Federal agencies have long played a critical role in advancing research at the intersection of artificial intelligence, science, and engineering. This panel convenes representatives from agencies such as NASA, NIST, NSF, the U.S. Army, the Department of Energy, and the U.S. Forest Service to reflect on their experiences supporting mission-aligned research across domains including health, materials, manufacturing, and national security. The discussion will explore opportunities and challenges related to Generative AI in these contexts, including topics such as scientific foundation models, interdisciplinary collaboration, data and infrastructure needs, and workforce development. Drawing on their unique vantage points, panelists will share observations on how the research landscape is evolving and how the broader scientific community might engage with emerging directions. The session aims to catalyze conversation between researchers and agency-affiliated experts, offering insights that can help shape the future of AI-enabled discovery and innovation.

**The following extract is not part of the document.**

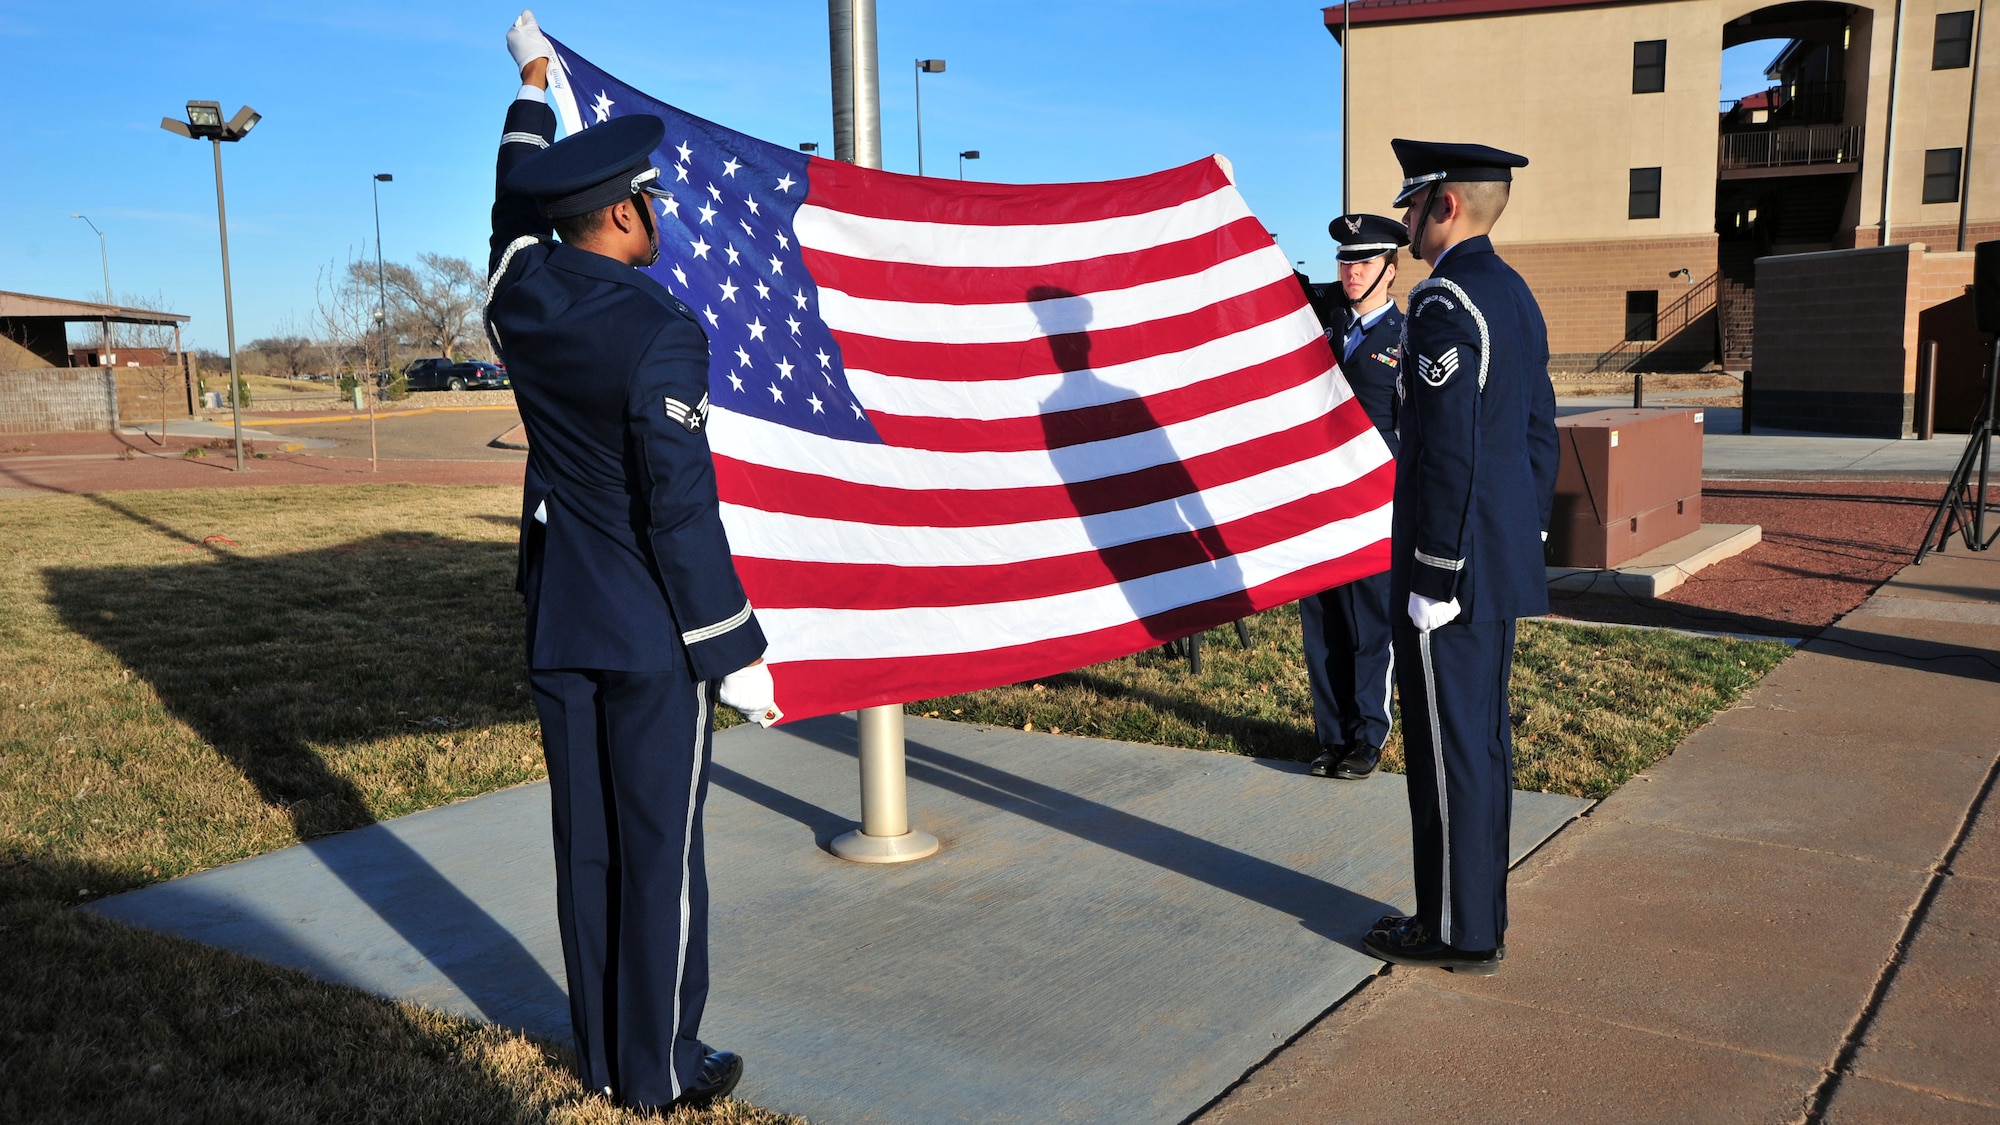 Honor guardsmen from the 27th Special Operations Wing prepare to fold the flag during a memorial ceremony Feb. 18, 2014 at Cannon Air Force Base, N.M. The ceremony was conducted in honor of Capt. Ryan Hall, Capt. Nicholas Whitlock, 1st Lt. Justin Wilkens and Senior Airman Julian Scholten, the aircrew members who lost their lives when “Ratchet 33”, a U-28A, crashed in Djibouti, Africa, Feb. 18, 2012. (U.S. Air Force photo/Senior Airman Whitney Amstutz)

This concluding panel will reflect on key insights and recurring themes that have emerged across the workshop. Panelists will discuss shared challenges and domain-specific adaptations, critical gaps, promising directions, and methodological needs at the intersection of Generative AI and scientific discovery. The session will also focus on shaping a post-workshop report that captures the community’s vision for advancing GenAI in scientific domains—highlighting priorities for foundational research, infrastructure, evaluation, and collaboration. Participants will be invited to contribute ideas for framing, structuring, and dissemination of the report, with the goal of informing funding agencies, policymakers, and the broader stakeholder community.